For the past several years, I’ve made a habit of clipping interesting articles about Product Management.  A friend recently asked for reading suggestions, so I thought I’d share my favorites here.

Be a Great Product Leader (Adam Nash) – This recent favorite concisely breaks down the role of a Product Manager into three key responsibilities; product strategy, prioritization, and execution.  It’s hard to argue with these three.  On prioritization: “At any company with great talent, there will be a surplus of good ideas…As a result, brutal prioritization is a fact of life.”  On execution: “In the end, product managers ship, and that means that product managers cover whatever gaps in the process that need to be covered.”

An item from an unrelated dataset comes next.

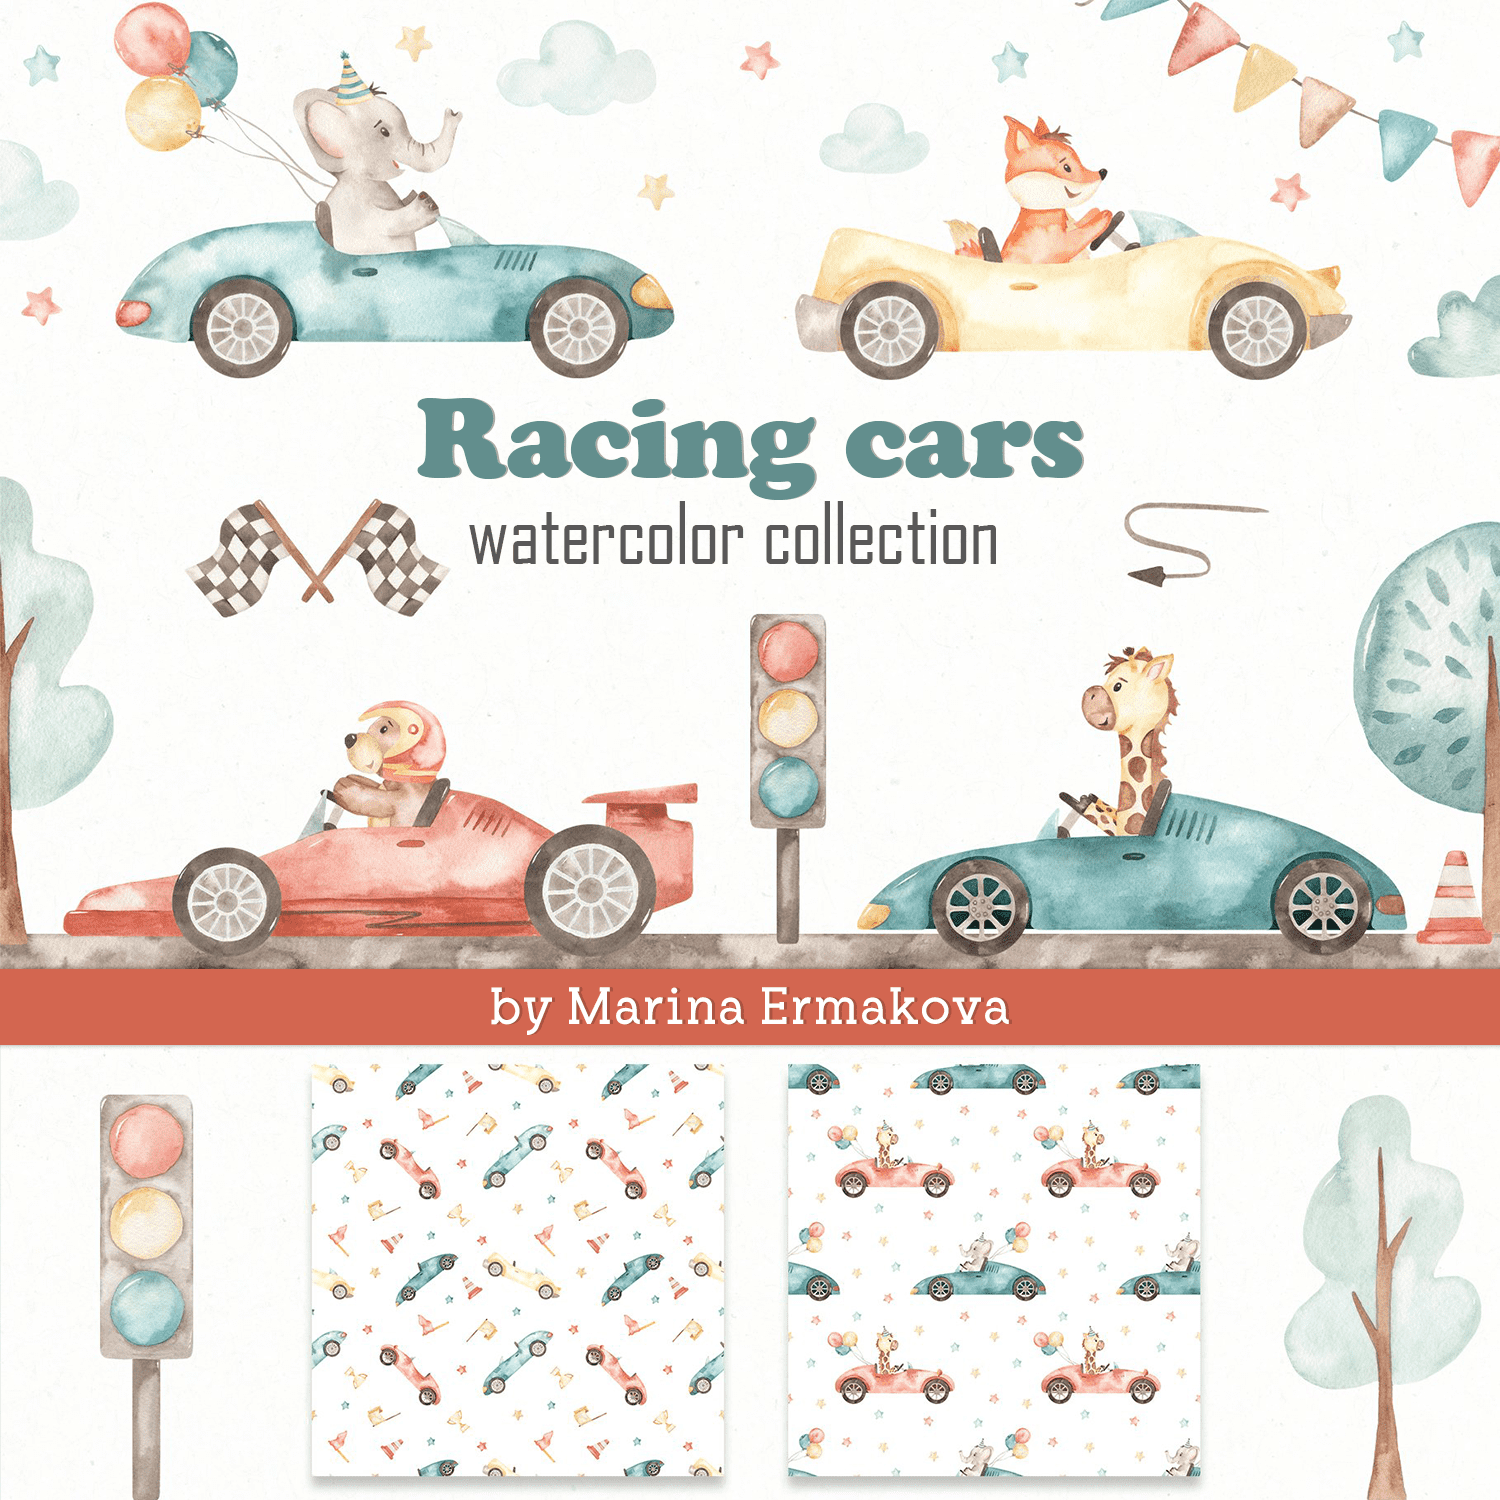 Racing cars watercolor collection.

What Makes Someone a Great Product Manager at Google? (Quora answer by Edward Ho) – This response by an engineer at Google had two recommendations that jumped out at me.  First, “be an engineer.  I don’t mean that you actually need to be coding the product.  I mean you should be curious about how the product is built  as if you were an engineer.” If you’re not curious in how the thing you manage works, you’re not doing it right.

Second, Edward calls on Product Managers to be “[f]earless…the best PMs will speak to founders the same way they speak to engineers.”  Product Managers need to have the ability to “influence without authority” (to quote an old business school professor).  They are often lower in the organizational chart than the people who are looking to them to make important calls.  A good product manager can’t be intimated by this.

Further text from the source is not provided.